Unsoundcode · 2011-03-28 18:28

Steve , glad you shared , more from the perspective of learning assembly than any particular use of the snippet.

I wish there were a more in depth explanation of the counters, or should I say counters for dummies, I feel its a hard subject to grasp for the beginner.

Jeff T.

jazzed · 2011-03-28 20:07

Unsoundcode wrote: »

I wish there were a more in depth explanation of the counters, or should I say counters for dummies, I feel its a hard subject to grasp for the beginner.

I agree wholeheartedly. It took me a while to "get it" even with the counter app note, Propeller datasheet, Propeller manual, and an oscilloscope on my desk. I know there are things I still have to learn about the counters. Thank goodness for Kuroneko's counter investigations.

BTW, I'll post the whole driver later.

Cheers.
--Steve

Andrey Demenev · 2011-03-29 01:07

jazzed wrote: »

After all there is nothing new under the sun.

For sure

. I've been doing similar thing when sampling 2 10-bit ADCs at 24 MSPS with 4 interleaved cogs

Rayman · 2011-03-29 06:28

Thanks for posting this.

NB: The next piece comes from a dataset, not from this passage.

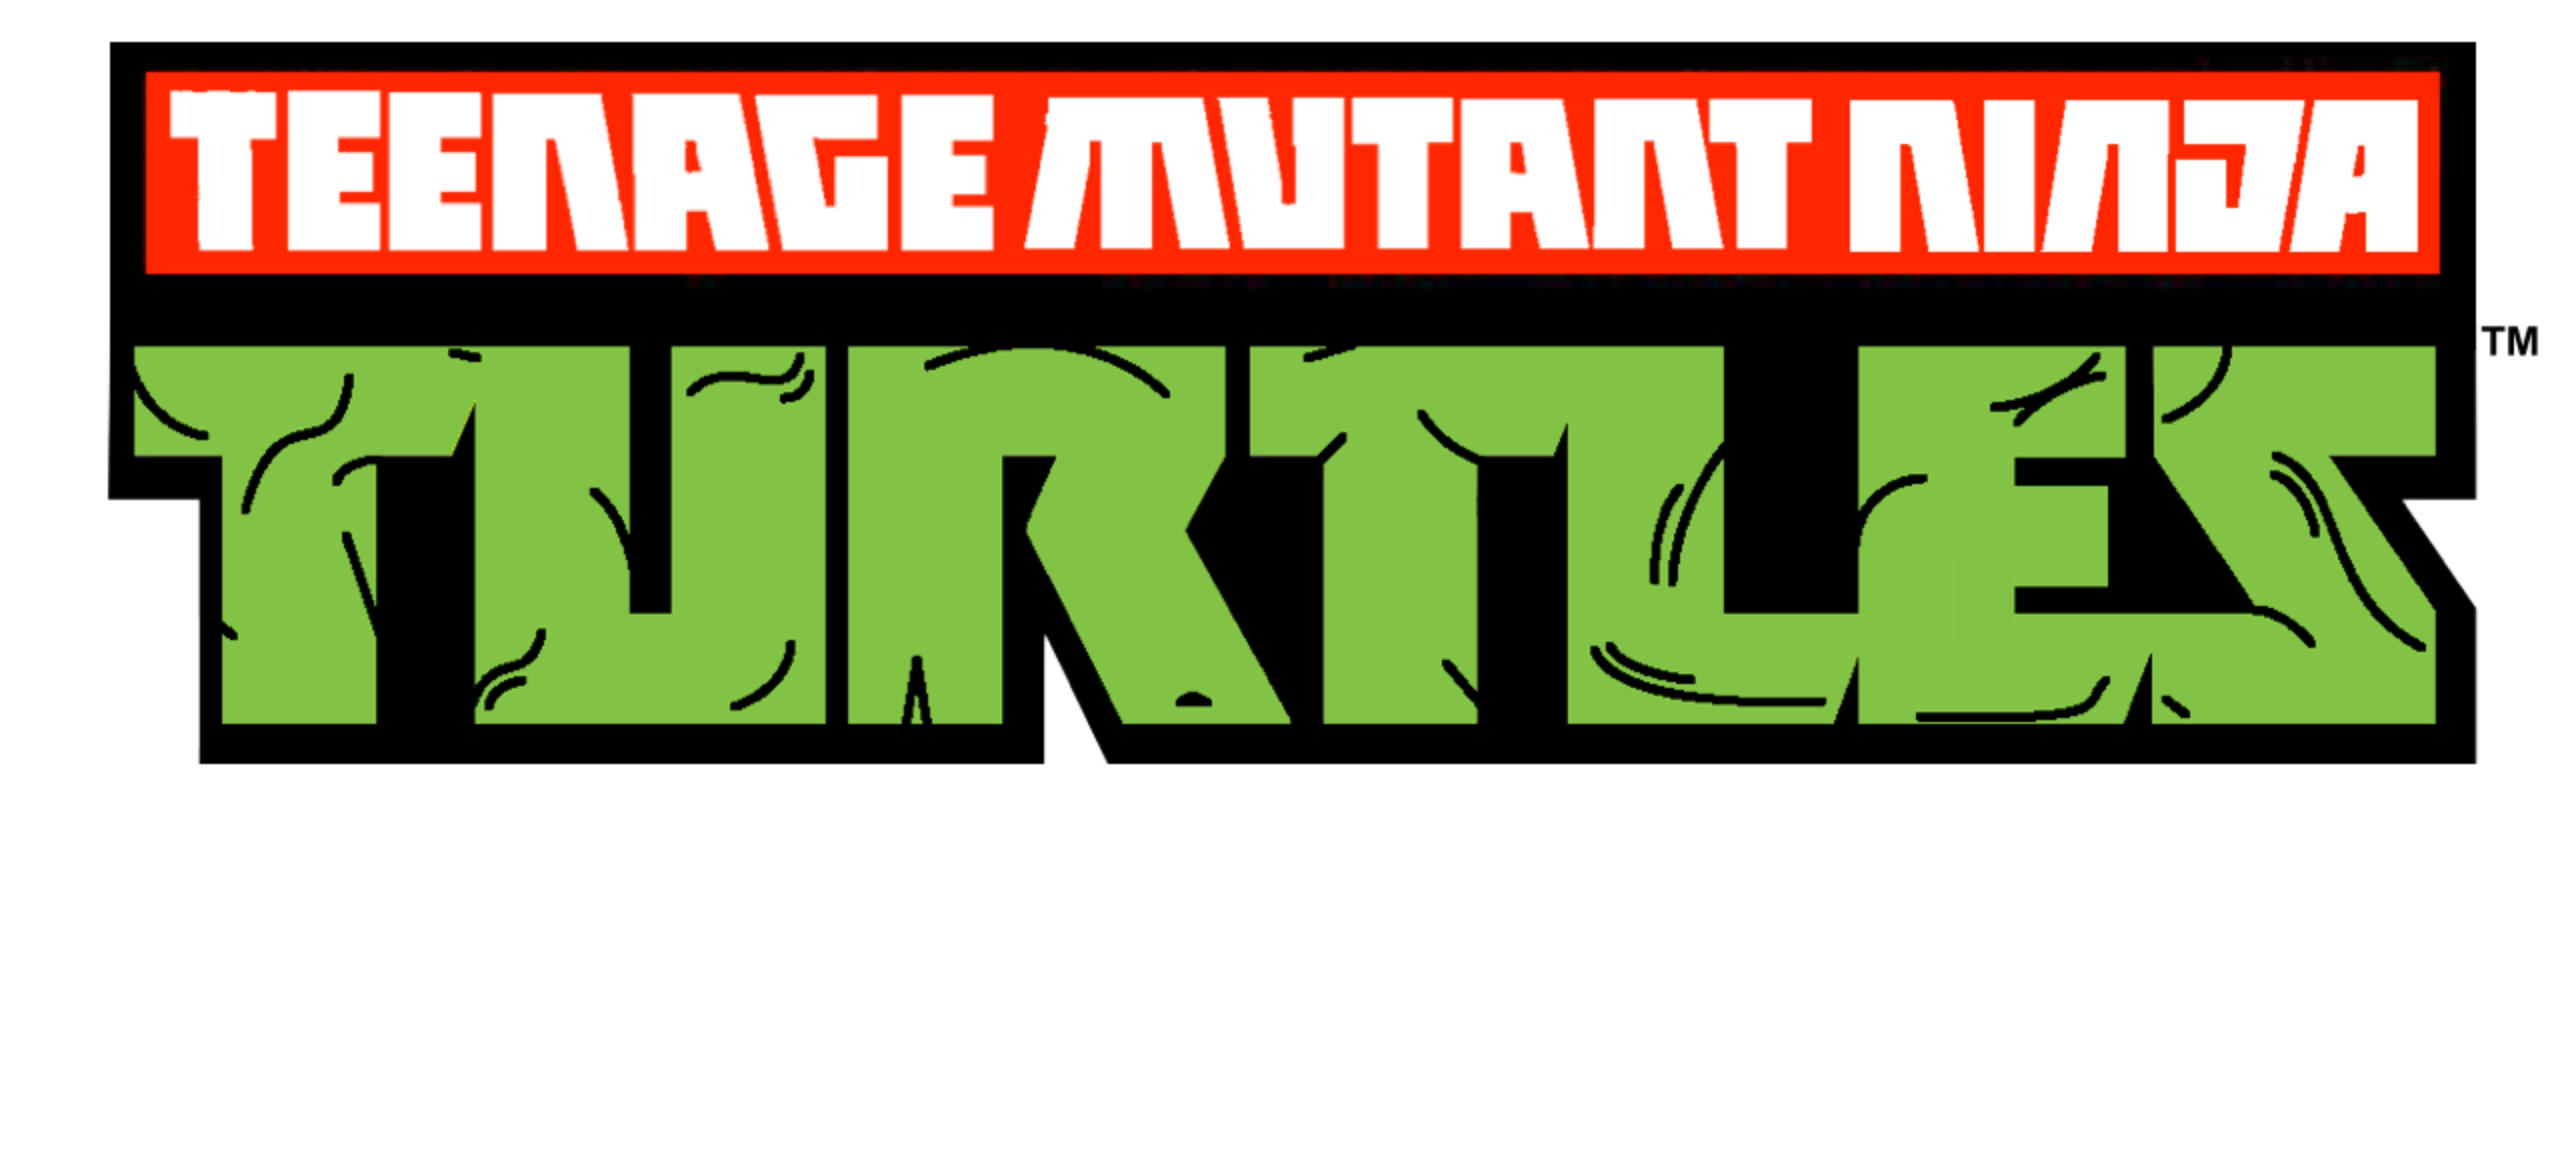 Teenage Mutant Ninja Turtles 2012 Complete (13 DVDs Box Set)

I think others have mentioned a similar thing before, but you've made it very clear...

BTW: Do you see a way to do something similar with a 4-bit bus?

tdlivings · 2011-03-29 08:39

@Steve
Kuroneko's counter investigations.
Are you refering to one particular post, and if so do you have a link to it
or just the many great posts Kuroneko has done involving the Prop.

Tom

jazzed · 2011-03-29 09:31

Rayman wrote: »

Do you see a way to do something similar with a 4-bit bus?

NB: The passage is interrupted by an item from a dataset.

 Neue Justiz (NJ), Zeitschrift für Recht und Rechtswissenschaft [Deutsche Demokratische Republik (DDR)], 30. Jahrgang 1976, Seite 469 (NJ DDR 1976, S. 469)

Rayman, I've played with this a little today, there are big challenges. Even with half the data rate it does not seem possible to sample and assemble a BYTE in time for writing because of asymmetric code (maybe a WORD or LONG could be done?). It seems easy at a fourth the data rate, but i don't know if using PHSB as a hub pointer buys anything at that point.

@tdlivings I don't remember a specific thread where kuroneko went into this specifically, but he does show some awesome work.

Rayman · 2011-03-29 09:52

jazzed, I think I just noticed that your fragment requires the bus to be on P0..P7, right?

Rayman · 2011-03-29 10:02

jazzed, what about something like this for a 4-bit bus:
(first byte written is junk)

loop:
  mov  nib0,ina
  wrbyte nib1,phsb
  sub phsb,#1
  mov nib1,ina
  shl  nib0,#4
  or nib1,#$FF
  add nib1,nib0
  djnz ...

I think I've got one too many instructions in my loop....

jazzed · 2011-03-29 10:31

Rayman wrote: »

jazzed, what about something like this for a 4-bit bus:
(first byte written is junk)

I think I've got one too many instructions in my loop....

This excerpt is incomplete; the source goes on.